Detective superintendent Charlie McMurdie, the police officer in charge of setting up the UK's central e-crime unit, said recently that she would like a "breathalyser" for the PC.
On the face of it, this seems like a pretty shrewd idea. The days between Christmas and New Year have an anarchic, end-of-term feel to them and those unlucky enough to be manning the phones amidst the crushed tinsel and discarded mince-pies, may feel justified in cracking open the bottle of Zinfandel presented as a motivational spur by the head of department last Friday.
And as the afternoon wears on, they might also avail themselves of a quick nip from the secret sherry that Sheila keeps in the stationary cupboard, behind the treasury tags. Before you know it, they are composing witty and lurid emails exposing the well-known but under-publicised liaisons between Gareth and the twice-divorced matriarch of HR and bidding on Russian military hardware on eBay.

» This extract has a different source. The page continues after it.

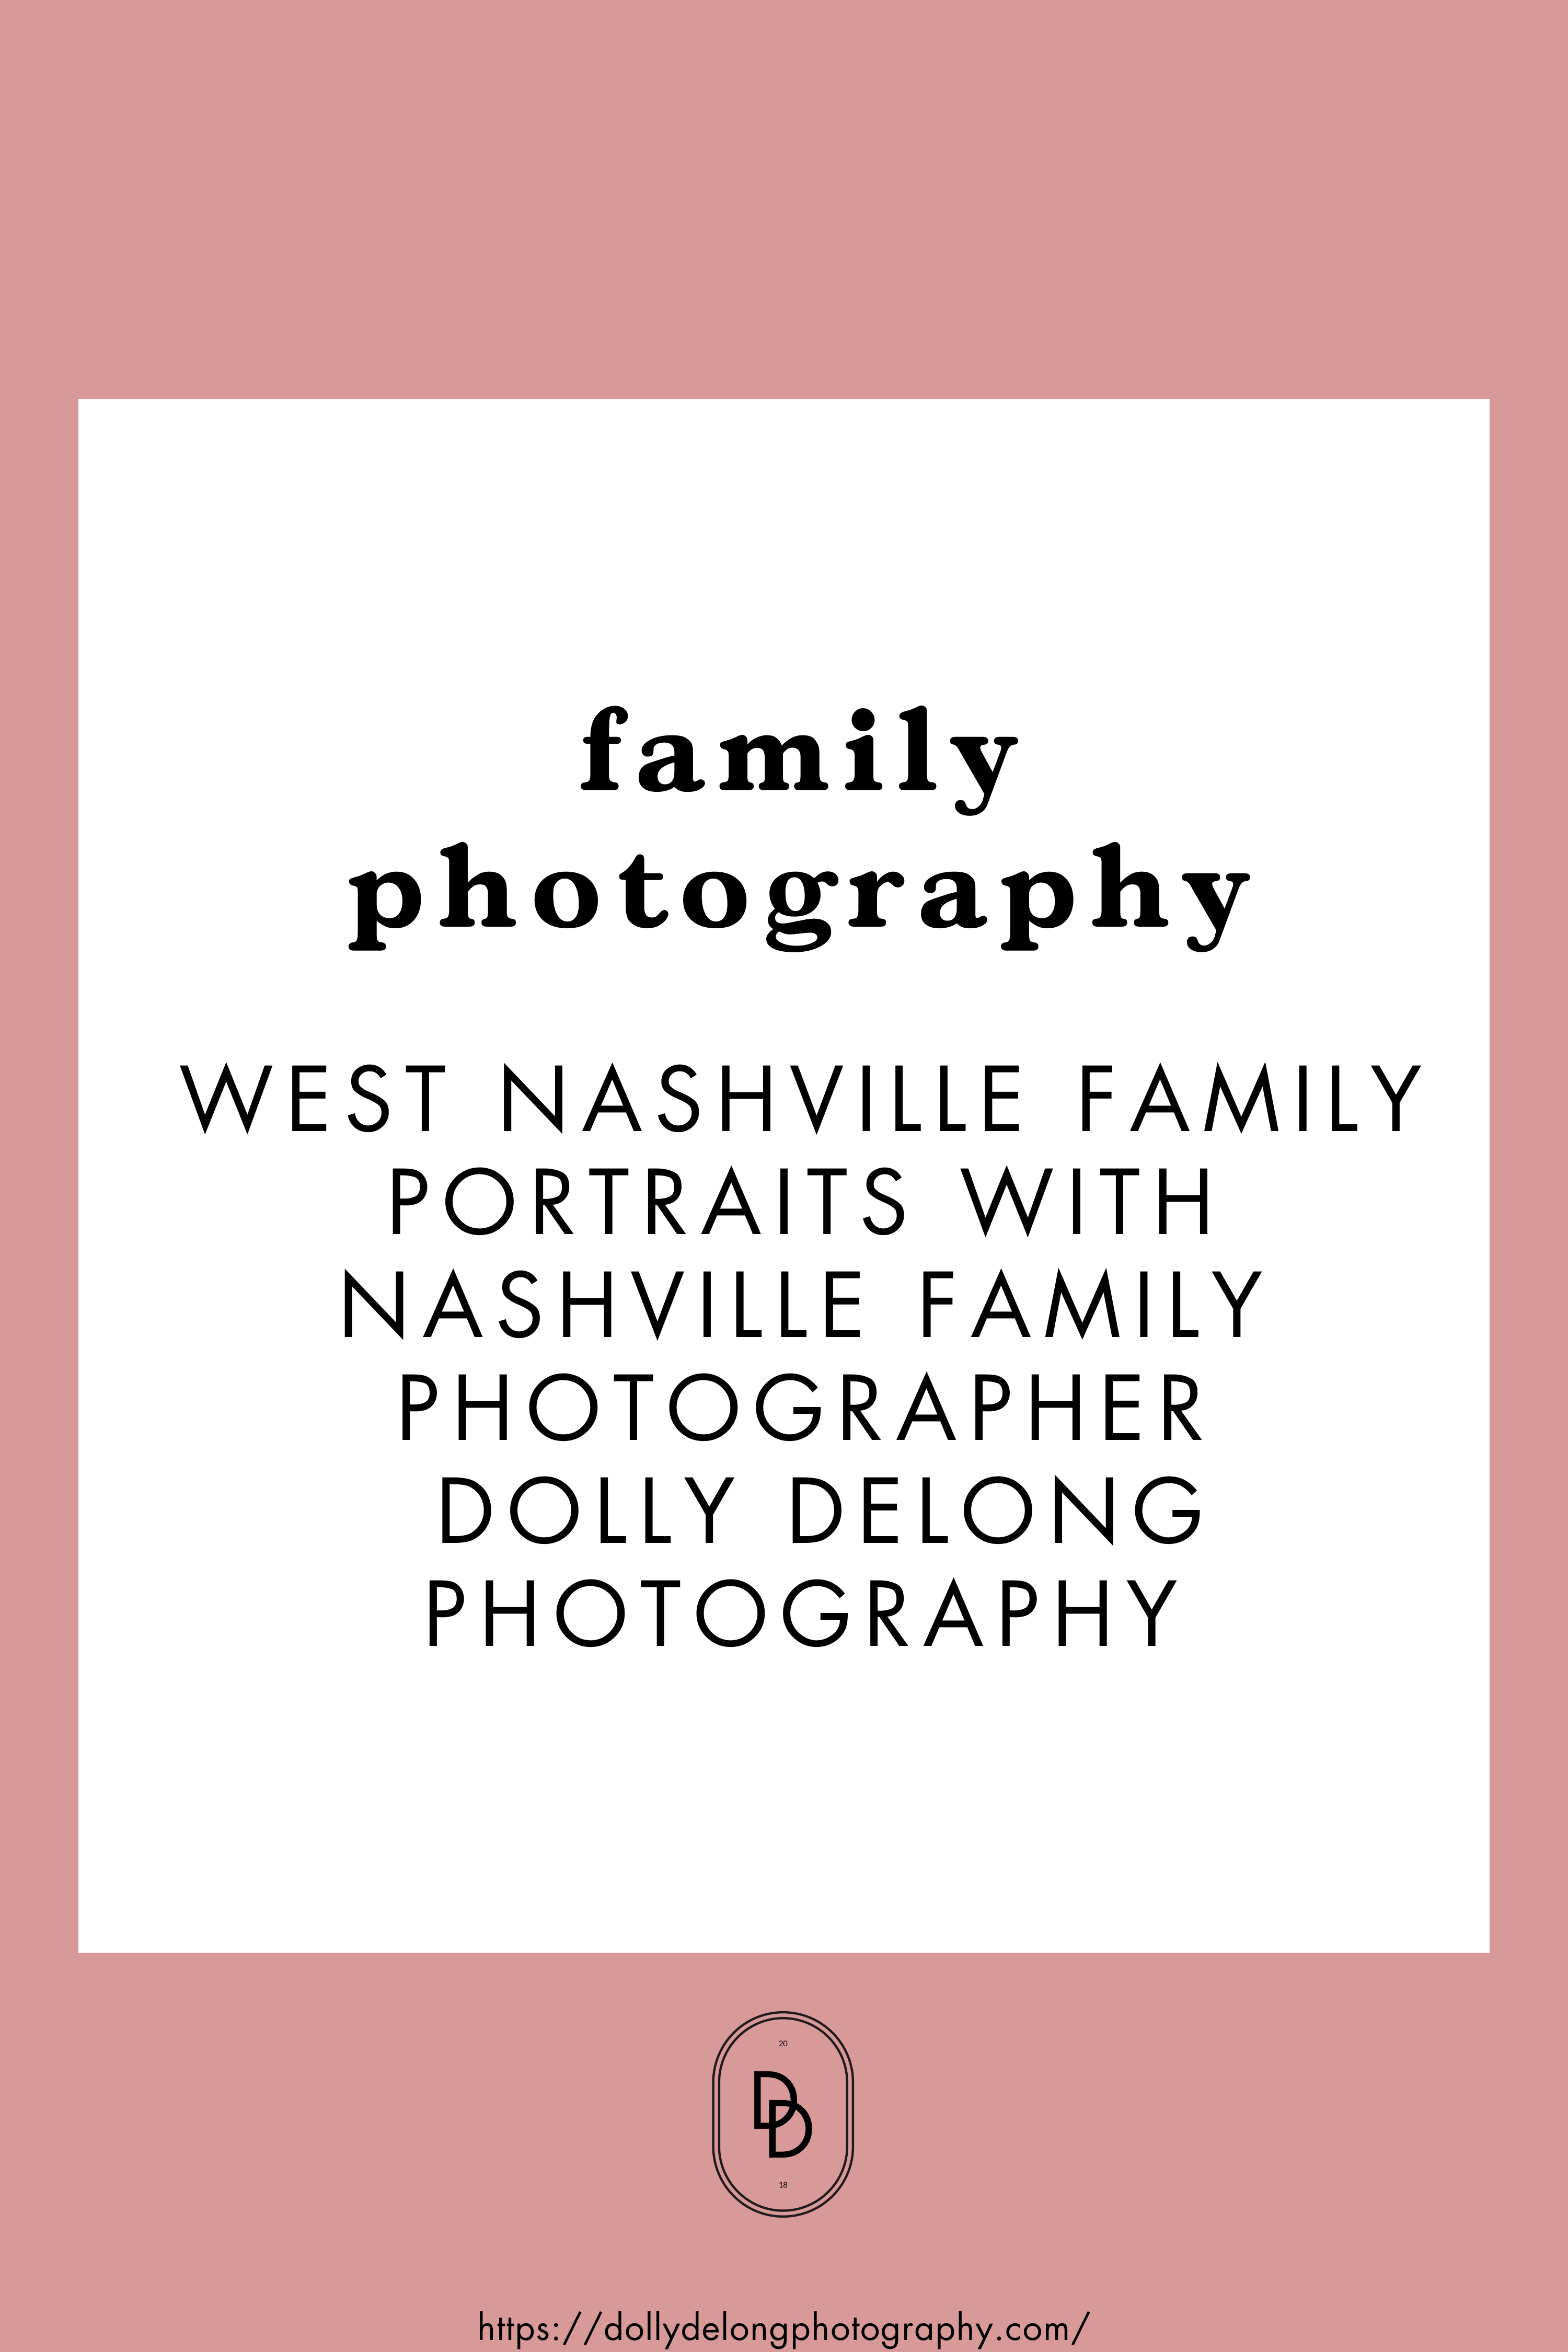 West Nashville Family Portraits with Nashville Family Photographer Dolly DeLong Photography
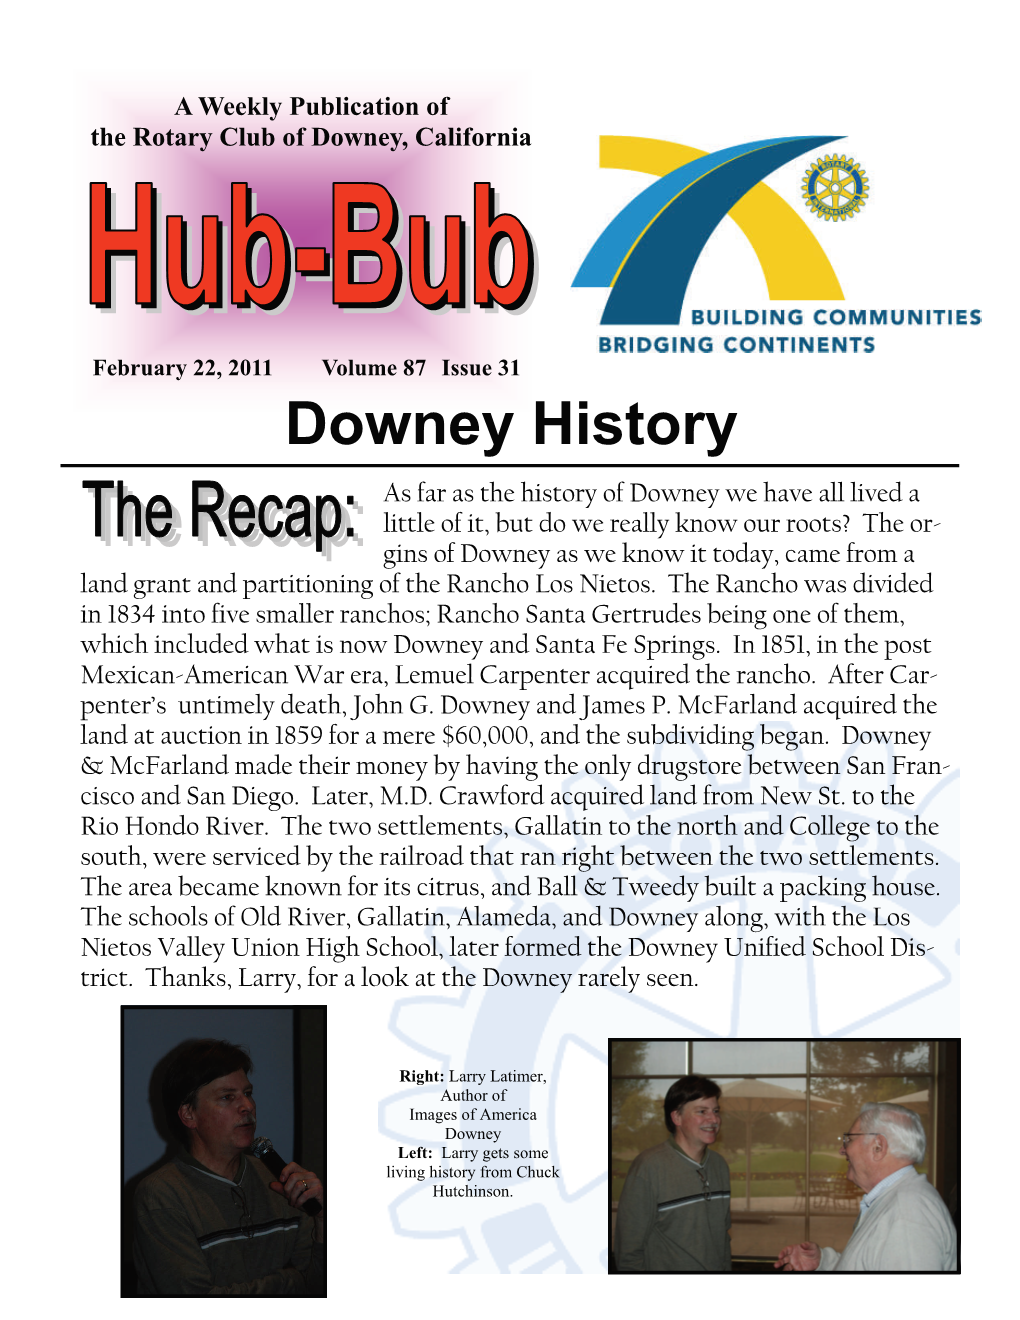 Downey History

Such ill-judged excesses could easily be prevented with the addition of a simple USB breathalyser that must register "green" before the keyboard is unlocked.
But no. That's not what DSI McMurdie has in mind at all. She wants a metaphorical breathalyser. A device so omniscient that it can detect evidence of any criminal activity on your computer. Child porn, credit card fraud, identity theft, selling stolen goods online or promulgating racial hatred. Possibly thought crime as well. She has in mind a simple USB dongle with three LEDs: green is clean, red is dead and amber would be for all the borderline cases that get sent off for the full rubber-gloves-and-drop-your-trousers treatment from the forensics geeks.
I'm actually planning to bid for the contract to build and supply these devices. My design, which is hereby released under the GPL licensing scheme, is as follows:
1. The green LED is present but not connected. There are no known examples of any computers in the UK that have never been used to store illegal data or perform unlawful acts. Adding firmware to check for a hypothetical future computer that was totally clean would almost certainly generate far too many false positive results to justify its inclusion.
2. If the initial scan of the system reveals the presence of an internet connection, DVD drive, hard disk or keyboard, the red LED is activated.
3. In all other cases the amber LED is activated.